Mes sourcils sont blancs aussi, comme mes cheveux, ils sont devenus ainsi en une nuit. Mes pattes d’oies se sont accentuées à un point tel qu’on a l’impression que mes yeux sont plus petits qu’avant. Mes joues se sont creusées. Elles reposent sur ma mâchoire. Une mâchoire que je sens dure et sans cesse agitée par une sorte de tic qui me l’a fait serrer tout le temps.

Mes lèvres sont desséchées. Rien ne peut les hydrater. Tous les produits connus y sont passés sans résultat. J’ai parfois de profondes gerçures, même en plein été. Je ne peux rien y faire.

L’image que me renvoie le miroir est triste. C’est un visage abandonné. Un visage qui s’est arrêté d’exister et qui se contente juste de survivre.

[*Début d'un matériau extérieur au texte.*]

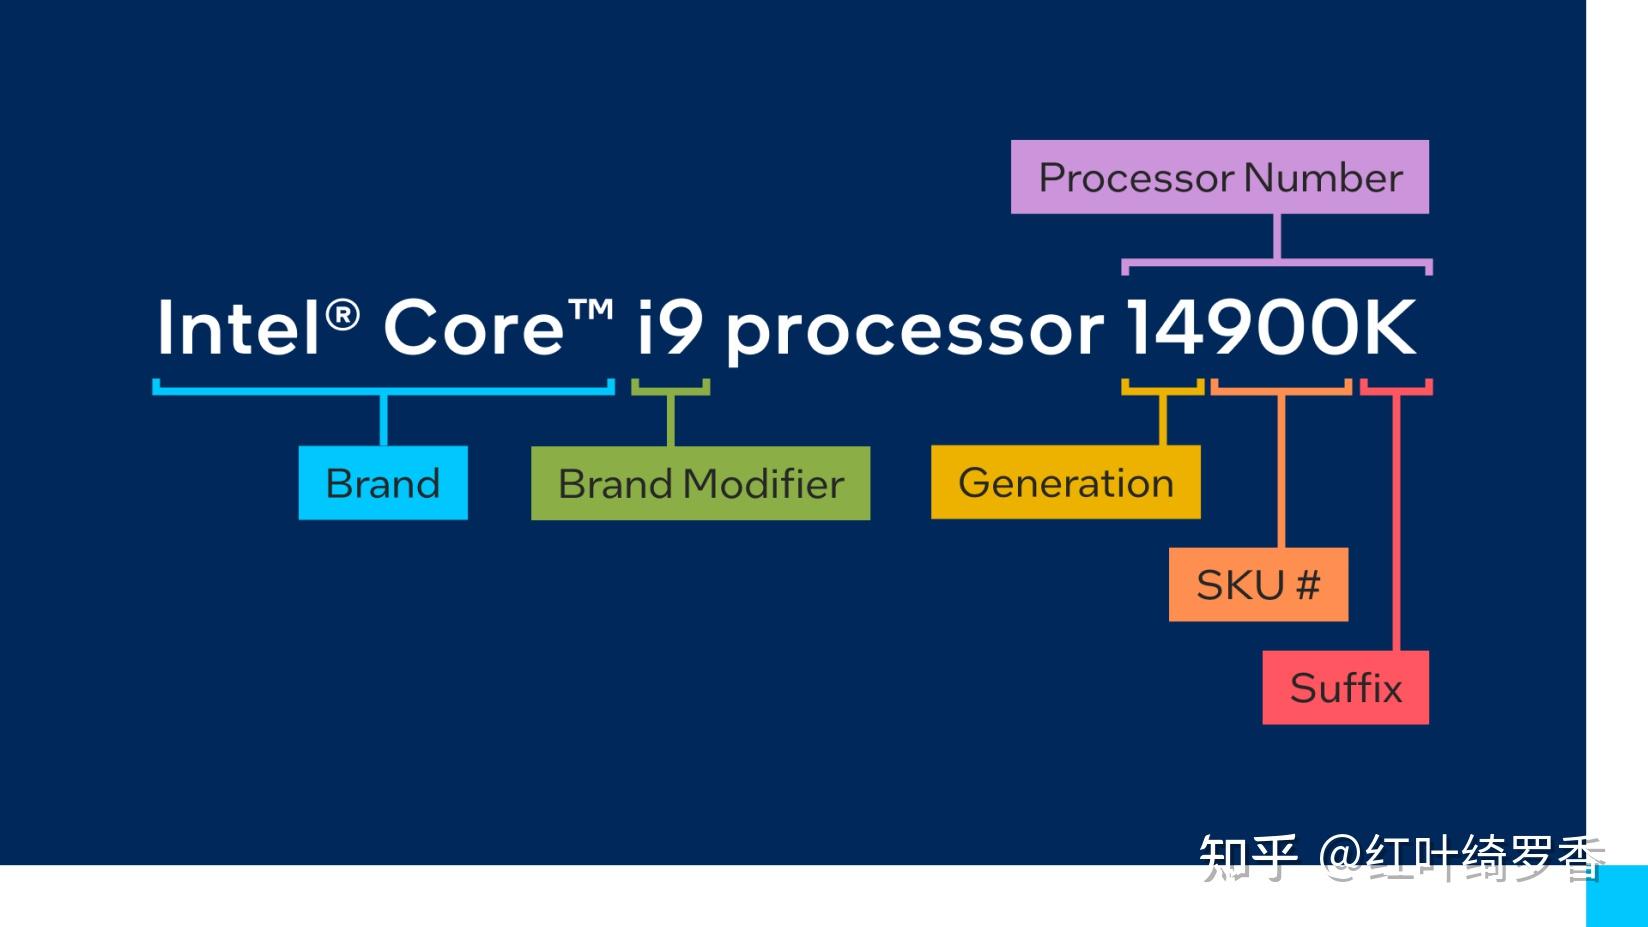 英特尔酷睿i5-9500F处理器性能全面解析：性能特性、适用场景与技术规格详解  第9张

J’avais dit un jour à une amie qu’une fois que tout serait terminé, j’irais faire ma traversée du désert. Homme seul parmi les hommes. Que personne ne cherche à me joindre pendant les 10 ans à venir. C’est ce que j’estimais nécessaire pour que je puisse revenir à la vie et reprendre le cours de mon existence.

J’étais tellement loin du compte. Ce jour-là, le matin de la nuit où mes cheveux sont tous devenus blancs. Ce jour-là, une chose plus terrible encore que la douleur s’est emparée de moi. J’ai atteint un autre niveau de conscience. Quelque chose d’insoupçonné, une douleur, puisque les mots humains sont bien pauvres pour décrire cela, une douleur qui devait s’installer en moi et ne plus jamais me quitter.

Ce matin-là, le jour où mes sourcils ont blanchi et où mes yeux sont devenus gris. J’ai compris, que même mort, je ne retrouverai pas la douceur de son souffle dans mon cou. J’ai saisi que le bout de ses doigts sur mes lèvres serait une sensation qui ne serait que des effleurements fugitifs à l’orée de ma conscience. J’ai voulu fermer les yeux pour être là où il était, mais rien n’y fit.

Ce matin-là, face à ce parterre de fleur et de terre, j’ai senti le poids des ans sur mon dos. J’ai senti l’interrogation des gens sur le soudain changement de couleur de mes cheveux. J’ai presque senti leur reproche face à mon incapacité à pleurer. 

Ce matin-là, face à cette boite immonde, je cherche des larmes qui ne viennent pas. Face à cette boîte qui m’enlève plus que mon existence, qui me fait accéder à ce nouvel état de conscience où je suis au-delà de la douleur…

Ce matin-là, j’enterre mon petit bonhomme et avec lui toutes les sensations… de ses regards à ses doigts sur mes lèvres.

Ce matin-là, j’aimais plus que tout nos silences et nos moments de solitudes. Puisque mes cheveux sont aussi blancs que cette boite, puisqu’il me sera impossible de sentir de nouveau ces doigts sur mes lèvres ; ce matin, je m’abandonne à mon tour… et que la douleur fasse de moi ce qu’elle veut.